Dalam artikel tersebut menyebutkan, berdasarkan penelitian seorang psikolog, Jens Forster, dari University of Amsterdam yang berjudul Why Love Has Wings and Sex Has Not, maka dapat disimpulkan “cinta itu membuat kita cenderung berpikir lebih besar dan kreatif”. Wow !, sebegitu hebatkah cinta itu..

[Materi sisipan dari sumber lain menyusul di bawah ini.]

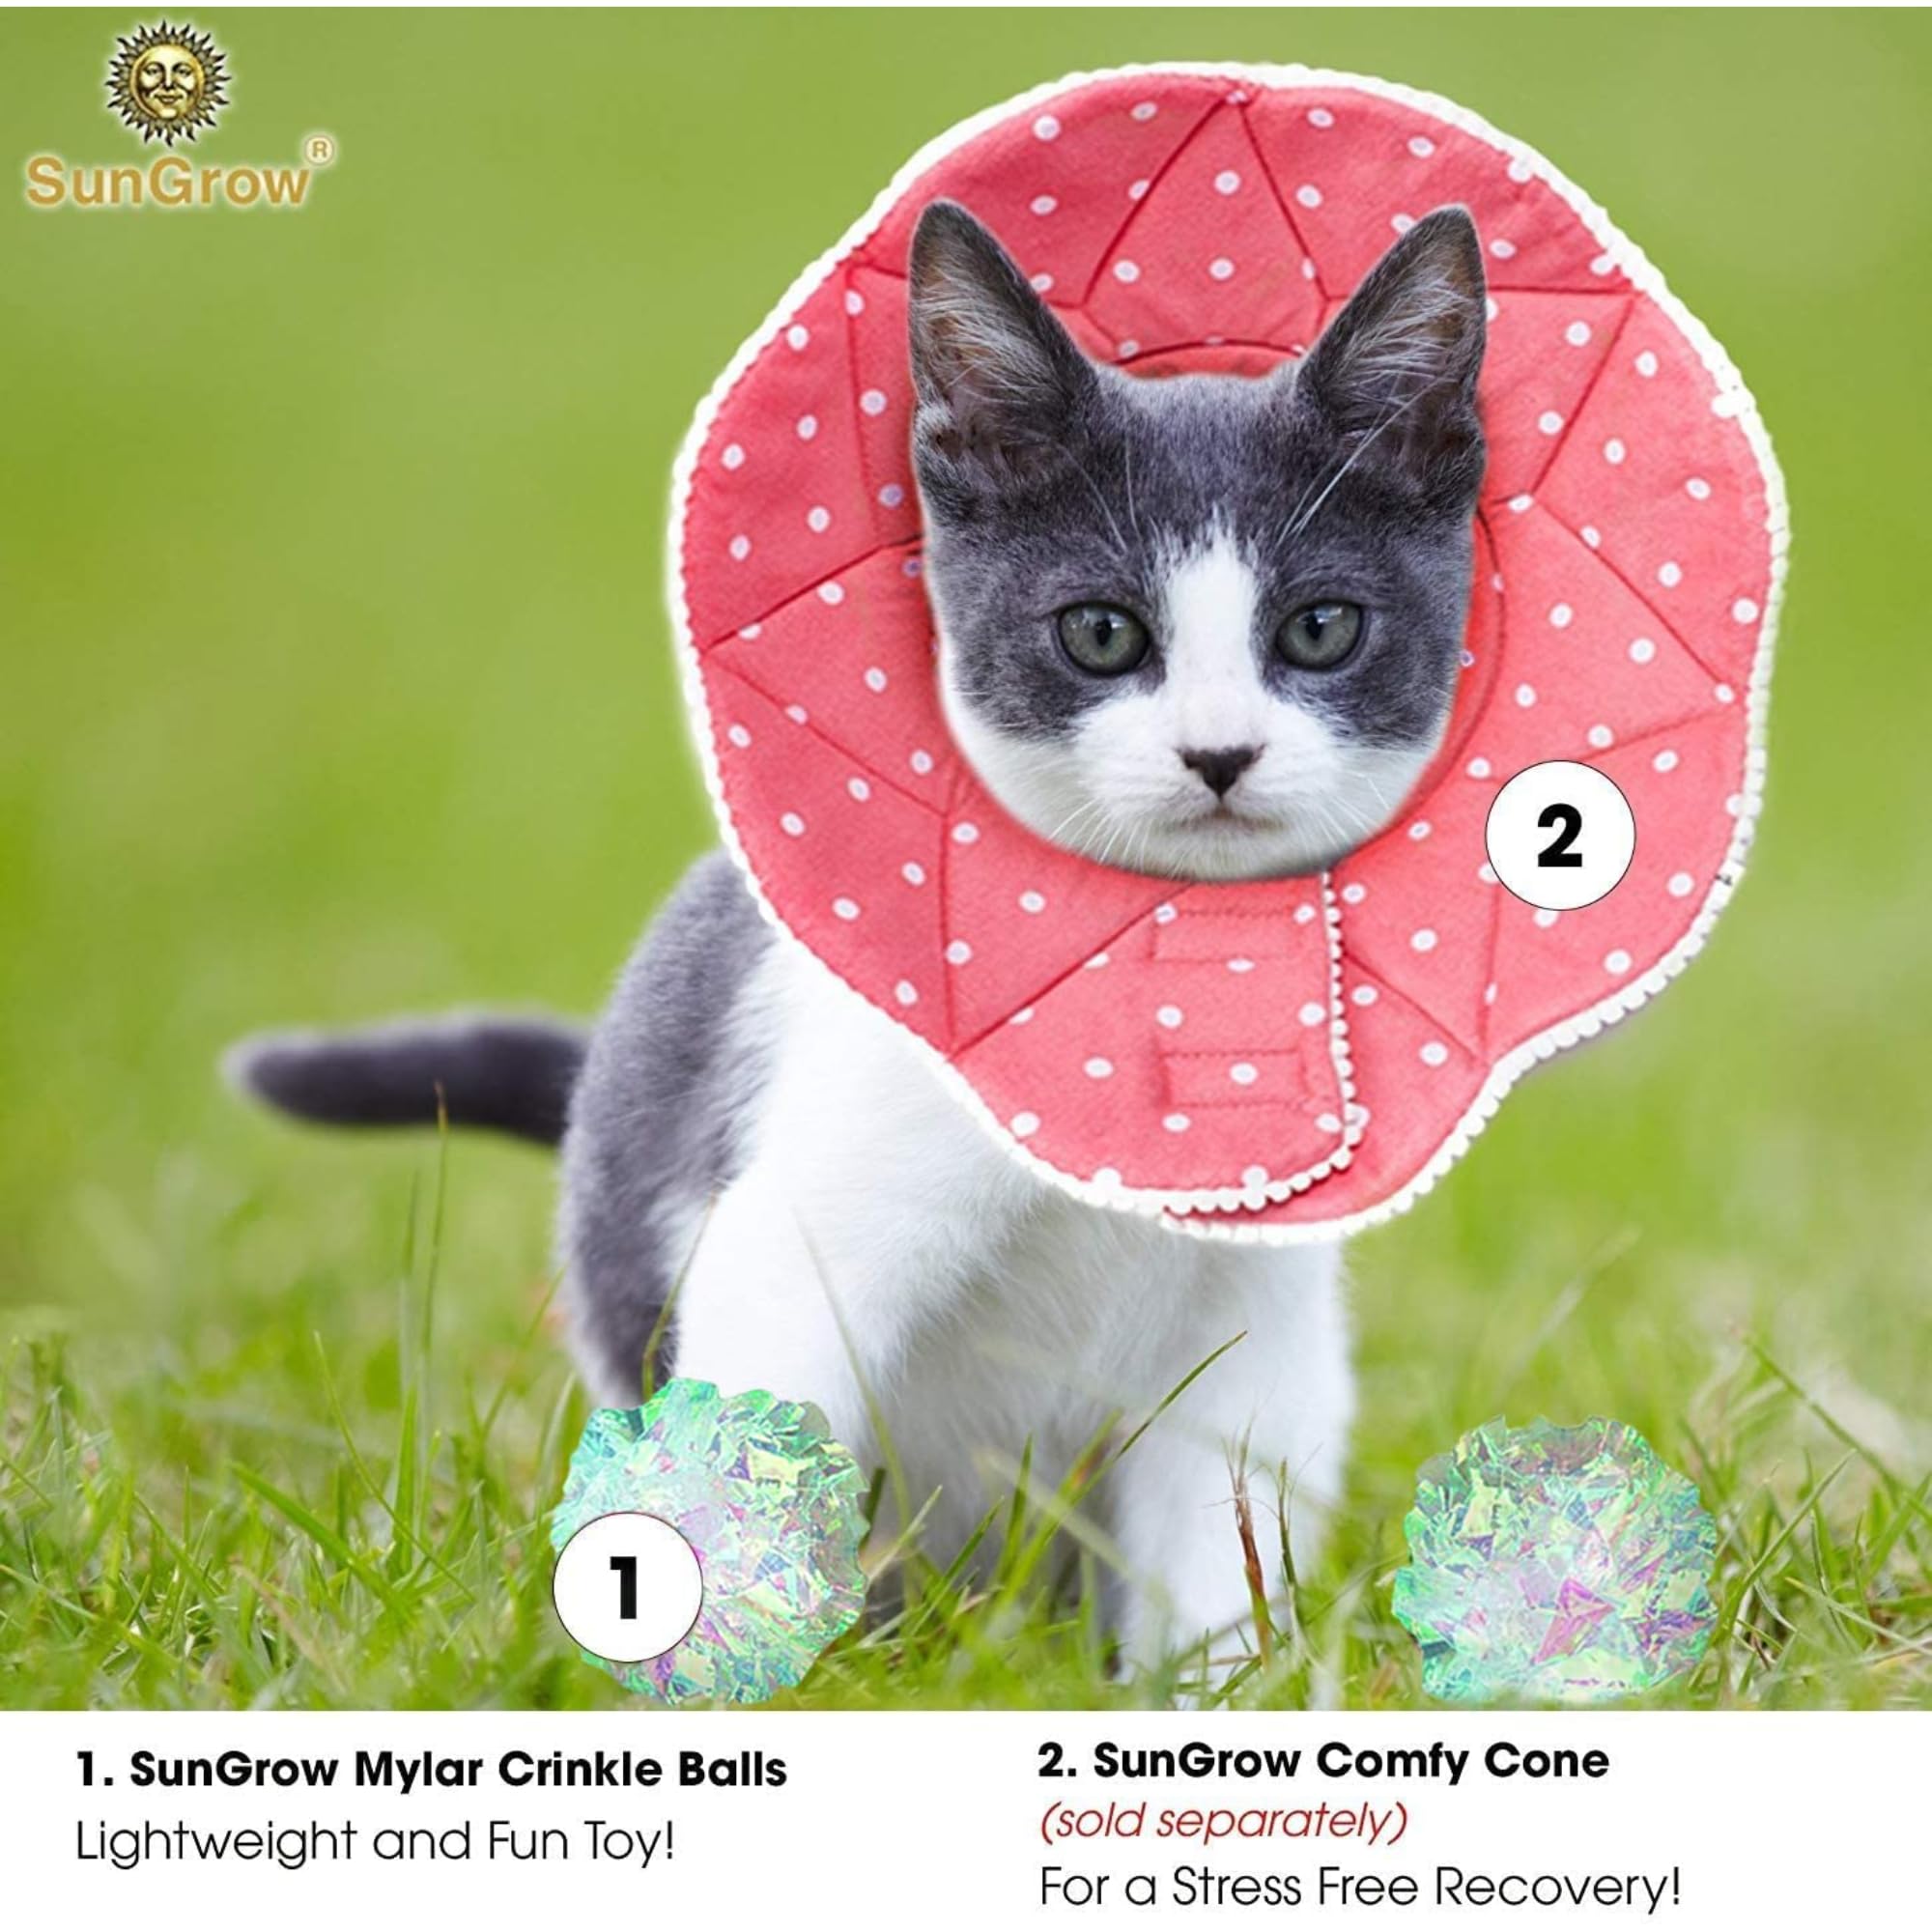 SunGrow Catクリンクルボール、屋内ペット用おもちゃ、軽量およびシルバー、子猫および成猫に最適、1.5〜2インチ、パックあたり12個

Yup, selain itu cinta bagi saya adalah komponen yang membuat dunia ini hidup, tanpa cinta kita semua mungkin tidak pernah ada didunia ini. Konon manusia pertama didunia, Adam dan Hawa saling mencintai satu sama lain sehingga bisa memunculkan keturunan hingga akhirnya kita bisa terlahir disini. Tentu karena cinta jualah orangtua kita beserta seluruh orangtua dari orangtuanya kita dst. akhirnya mampu membesarkan kita semua sehingga kita semua bisa merasakan indahnya cinta juga. Maka sudah saatnyalah bagi kita untuk berterima kasih kepada sang pahlawan kita, – cinta. Dengan jalan mensyukurinya, yakni berupa menebarkan cinta itu ke dalam setiap perbuatan yang kita lakukan. Selain daripada itu karena hal-hal tersebut pulalah timbul pertanyaan

dibenak diri saya, “Lantas sebenarnya ada apa sih dengan cinta ?”.

Melalui tulisan sederhana inilah akhirnya saya bermaksud untuk berbagi dengan Anda semua sedikit tentang perihal cinta

Selamat menyimak…

Darimanakah Cinta Itu Berasal ?

Jika Anda menanyakan darimana cinta itu berasal tentu bisa dijawab dengan jawaban cinta itu berasal dari takdir Tuhan. Jawaban tersebut memang benar tetapi tidak memuaskan. :)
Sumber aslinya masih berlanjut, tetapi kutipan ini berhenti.